Madness: Ideas about Insanity

Peter Morrall

University of Leeds, United Kingdom

This paper addresses the uncertainties and incongruities about madness. It analyses critically how madness was historically and is today understood. There is no adherence to any prior perspective by the author (and no ‘instinctive’ sociological condemnation of psychiatry).

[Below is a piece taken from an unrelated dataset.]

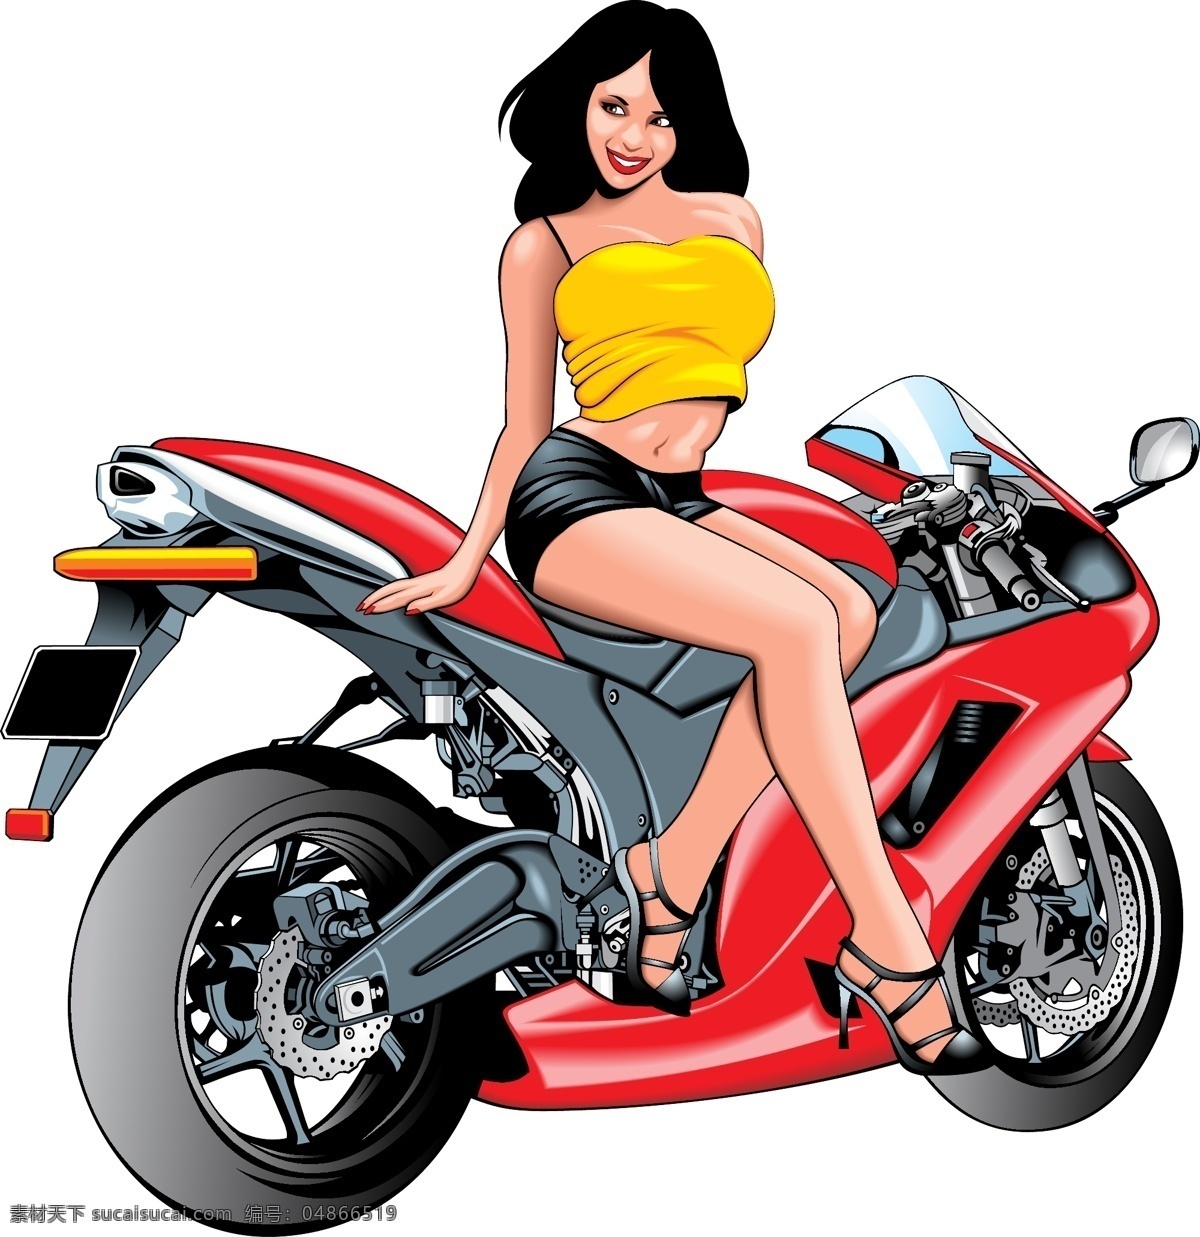 坐在 摩托 车上 美女 摩托车 摩托车设计 矢量摩托车 美女设计 矢量美女 美女素材 人物 人物素材 卡通人物 矢量素材 交通工具 现代科技 白色

Contrasting past and present case-studies of people who have been perceived as mad and/or perceive themselves as mad, core ideas about madness are critiqued for their theoretical and empirical robustness. The case studies cover the topics of: madness and murder (Pierre Rivière and Anders Breivik); ‘asylumdom’ (John Perceval and Howard Dully); the sanity of insanity (Mary Barnes and Gwyneth Lewis); the insanity of society (Stephen Fry and ‘Swift Runner’); science and psychiatry (the Susannah Cahalan and ‘WL’).

Madness as a category of human performance consisting of behaviours, thoughts, and emotions, troublesome to an individual, to those Goffman terms the ‘normals’, or society overall, is also critiqued.

Ideas covered include: post-structuralism/social constructionism; existential-phenomenology; social control; Marxism; social realism; radical libertarianism; critical/radical/evolutionary psychologies; medical anthropology; and the biological sciences of ‘scientific-psychiatry’.

What is proposed is that madness has always been and continues to be misunderstood and may not be understandable. All ideas (so far) applied to madness are theoretically and/or empirically inadequate. Moreover, the very application of a particular idea, because this is conducted in and on its own terms, can only render a presumptive, partial, and preconceived understanding of madness.


Morrall P (2017) Madness: Ideas about Insanity. London: Routledge.